# 2 vinicolored rothschildianum-hybrids



## ORG (Aug 11, 2010)

Today I visited the nursery of my friend Franz Glanz in Unterwössen in the south of Bavaria in Germany. I found there 2 interesting vinicolored hybris of _Paph. rothschildianum_ in bloom.







*Paphiopedilum  Wössner Black Dream*
Wössner Firedance X _rothschildianum_






*Paphiopedilum  Gaulois 'Wössen'*
Goultenianum X _rothschildianum_

I had not a good background for the pictures so I could not make optimal pictures, but I hope you can enjoy the pictures.

With best greetings

Olaf


----------



## Drorchid (Aug 11, 2010)

Love those dark colors! I like the first one the best.

Robert


----------



## Shiva (Aug 11, 2010)

Beautiful!


----------



## Wendy (Aug 11, 2010)

What GREAT colour! :drool: Thanks for showing these!


----------



## emydura (Aug 11, 2010)

Super dark. The first one is a beauty.

David


----------



## SlipperFan (Aug 11, 2010)

I'm amazed at how dark these are.


----------



## Jorch (Aug 11, 2010)

I have a really hard time deciding which one I like more!! They are both spectacular in my eyes! :drool:


----------



## Pete (Aug 12, 2010)

first one has way better form but the color on the second one looks unreal


----------



## labskaus (Aug 12, 2010)

I had the pleasure to see them both last weekend when Franz presented them for judging. The Woessner Black Dream received a SM, the Gaulois a BM from the D.O.G. judging panel.
I liked that Woessner Black Dream for the strong contrast in the dorsal and its shape which was pretty good for roth x vini breeding.

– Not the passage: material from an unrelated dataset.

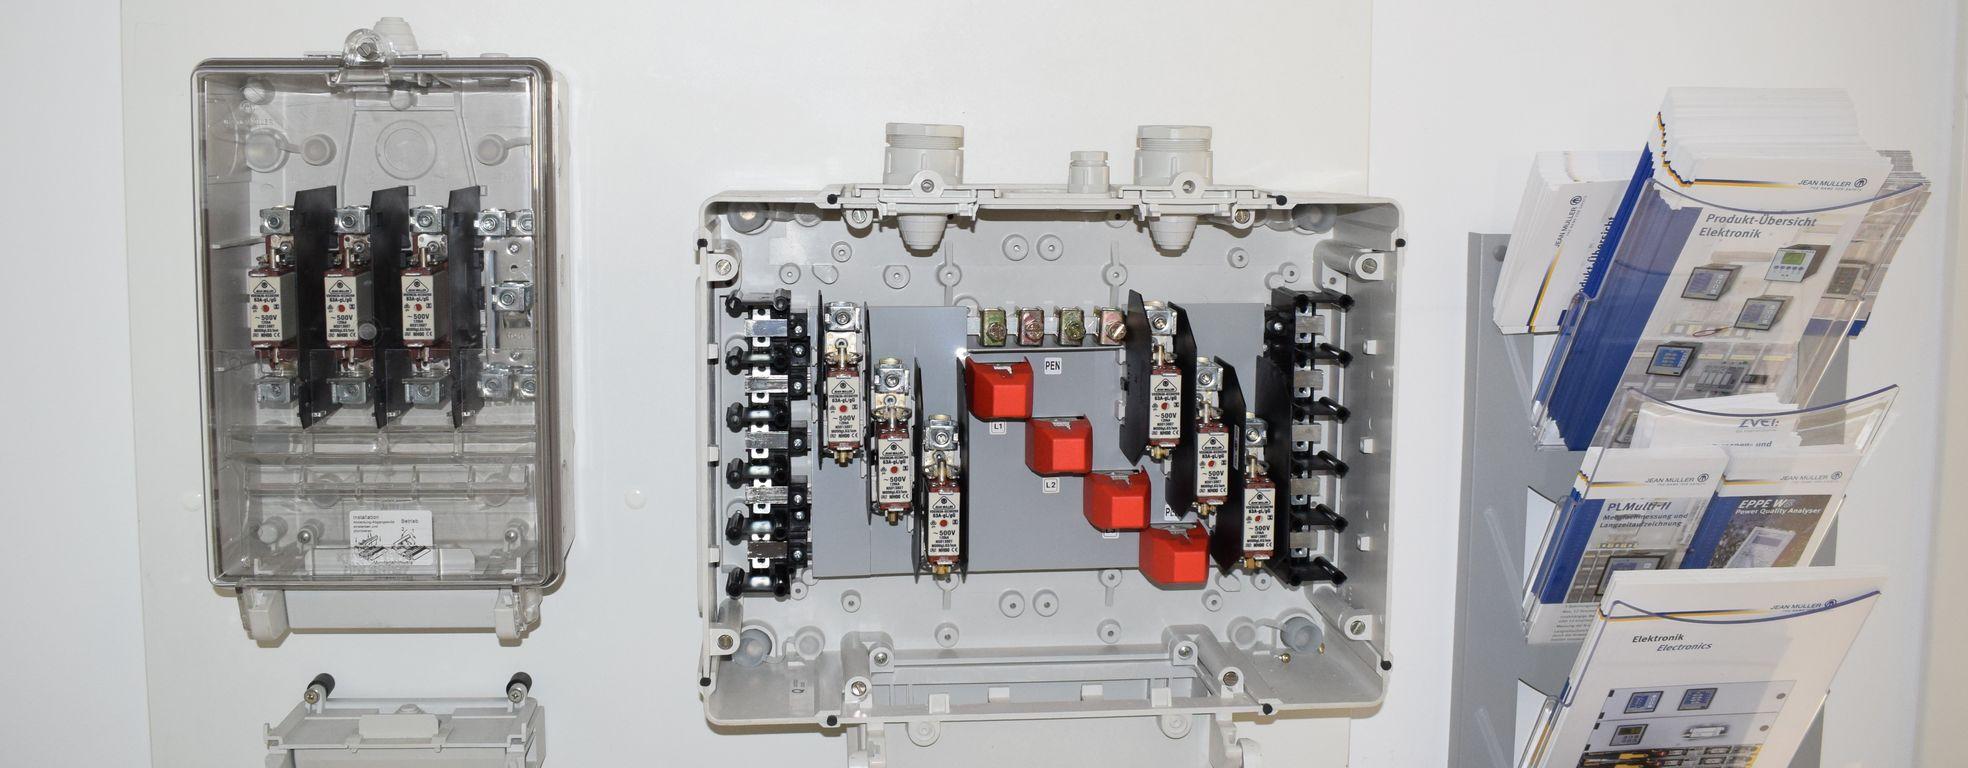 e.t.v.habig GmbH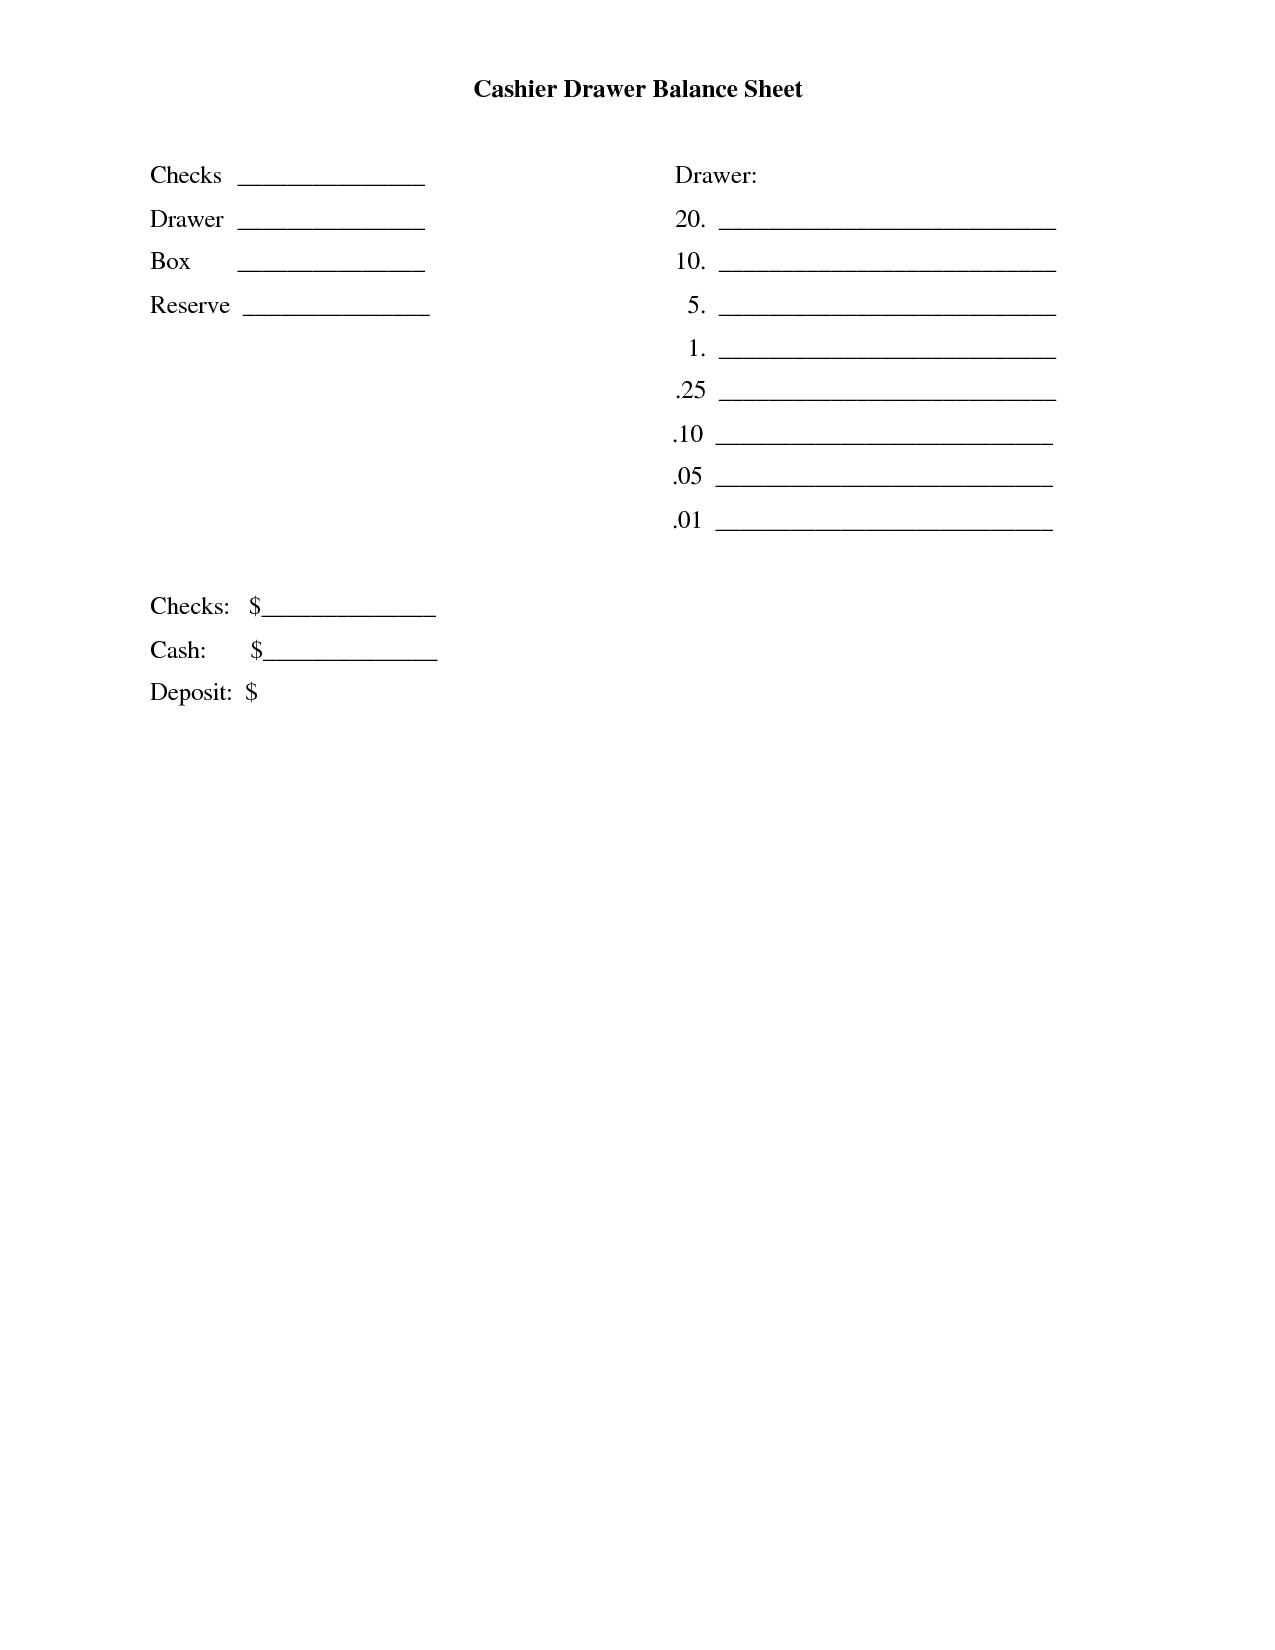 Cash Drawer Balance Sheet Template

The Gaulois reminded me of the lung of a guy who has been smoking this brand for a couple of decades. It's been quite black.


----------



## paphioboy (Aug 12, 2010)

That is just fantastic..!  I personally like the second one better.. I feel the flower has more character..


----------



## toddybear (Aug 12, 2010)

Wow!


----------



## KyushuCalanthe (Aug 12, 2010)

They certainly are dark! Really wild hybrids...


----------



## jacqi (Aug 28, 2014)

Interesting! Did that plant have mottled leaves? Mine has green leaves and
is a large plant.


----------



## NYEric (Aug 28, 2014)

Dang! I like the top one.


----------



## Ozpaph (Aug 29, 2014)

they are so dark.


----------



## troy (Aug 29, 2014)

I like the top one!! If you could drive it to my house and drop it off would be sweet!!!! Lol.


----------



## Stella (Aug 29, 2014)

Wow !!! they both are stunning!!!! great dark colors !!!!!!!


----------



## atlantis (Aug 29, 2014)

Both are really nice, but the first one looks special. Very interesting...


----------



## Trithor (Aug 30, 2014)

Seriously dark! I imagine they might be more impressive in person, the background as you indicated probably does not show them off to their best advantage.


----------



## 17andgrowing (Aug 30, 2014)

Very nice!


----------



## Erythrone (Aug 30, 2014)

The post is from 2010. I wonder how are doing those beauties in 2014.


----------



## Ozpaph (Aug 30, 2014)

Erythrone said:


> The post is from 2010. I wonder how are doing those beauties in 2014.



missed that!


----------



## Leo_5313 (Aug 31, 2014)

Super dark! Love it!


----------